In rishi1226/classrish: Functions for reproducing analysis of classification

library(devtools)
library(classrish)
library(ggplot2)
library(randomForest)
#devtools::install_github("rishi1226/classrish")
library(classrish)

This Vignette closely follows the process provided in the competition.

KNN

First we load the data using the \code{classrish::PrepareData} function. Note that we only load the first 100 rows for faster execution

path <- "/home/rishabh/mres/ml_comp/data/"
data1 <- classrish::PrepareData(path = path, mode = 2, sample = TRUE, size = 100)

I use Knn as a baseline because Knn classifiers are susceptible to both outliers (as they use \emph{distance} to predict) and the \emph{the curse of dimensionality}. Since, the features are a mix of categorical and continuous, it is recommended that they be resized to a range between 0 and 1. First I identified the best k by training a 10 cross validated knn for values $1,3,...,15$. The error returned were as follows:

k.seq <- seq(1, 15, 2)
knn.result <- classrish::KNN1(data1, k.seq)
(knn.result$error)
(ggplot2::ggplot( knn.result$error, aes(x = k, y = error)) + geom_line() + geom_point())

Random Forest

The next classifier I chose to test is Random Forest. I choose this because it is essentially an averaging over many decision trees. This means that the features are invariant to monotonic transformations. Nevertheless, I fit the classifier on both raw and normalised data and see very similar results.

To train the classifier I did a grid search between the parameters \emph{mtry} {a function of number of remaining predictor variables to use as the mtry parameter in the randomForest call} and \emph{ntree} {the number of trees and selected the combination with the least amount of error}.

data2 <- classrish::PrepareData(path = path, mode = 0, sample = TRUE, size = 100)
ntree.vec <- seq(50, 100, 10)
rf1.result <- classrish::RF1(data2, ntree.vec)

(rf1.result$error)

I trained the classifier with normalised data and got similar results as follows:

data3 <- classrish::PrepareData(path = path, mode = 1, sample = TRUE, size = 100)
ntree.vec <- seq(50, 100, 10)
rf2.result <- classrish::RF1(data3, ntree.vec)

(rf2.result$error)

Bagging

For bagging, I used a classification tree as the weak classifier. I trained the classifier by computing cross validated error across different values of \emph{mfinal}- the number of iterations. Below is a figure of errors.

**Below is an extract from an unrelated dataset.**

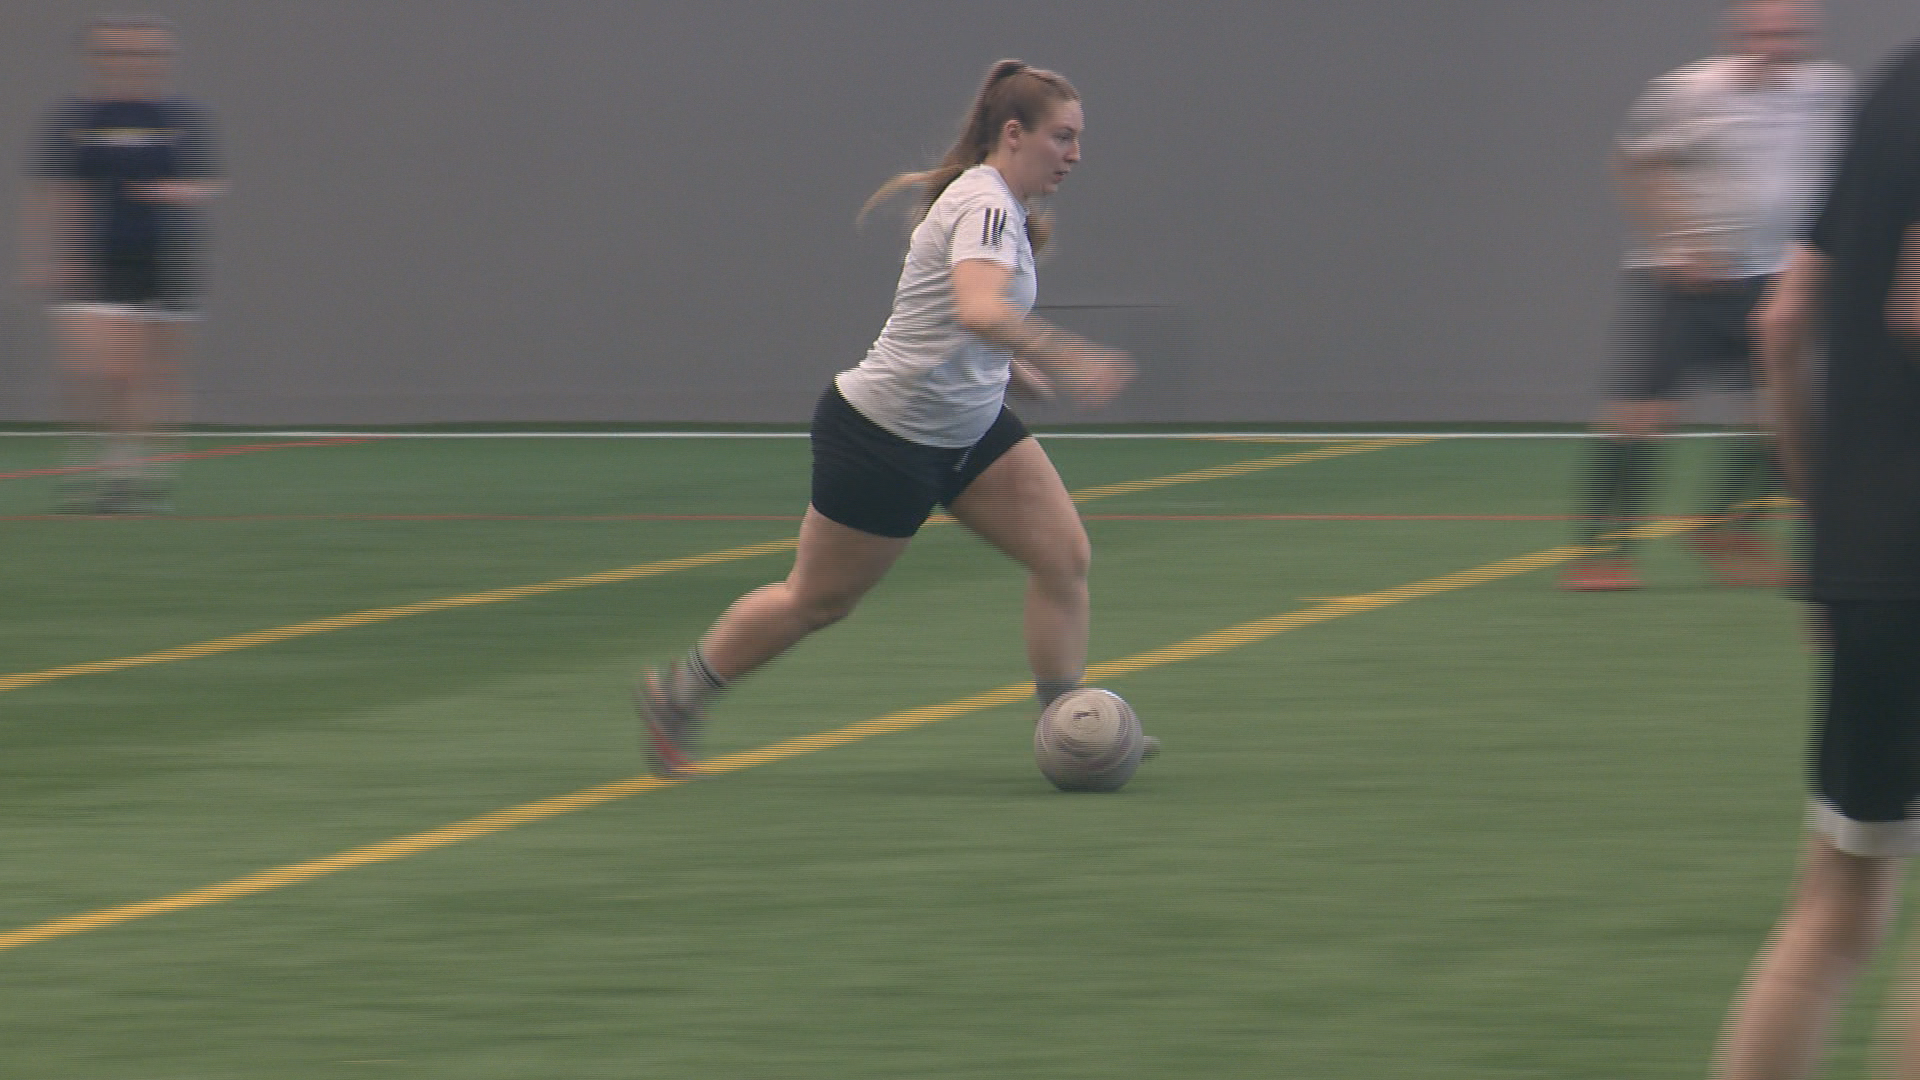 Kicking off in Halifax: Professional women’s soccer league to hit the ground running next year

I will limit the data to 50 points as crossvalidation and grid search takes about 4 hours on an powerful AWS server with the full data.

data4 <- classrish::PrepareData(path = path, mode = 1, sample = TRUE, size = 50)
mfinal.seq <- seq(20, 30, 2)
bagging.result <- classrish::Adabag(data1, mfinal.seq)

(bagging.result$error)
(ggplot2::ggplot( bagging.result$error, aes(x = iter, y = error)) + geom_line() + geom_point())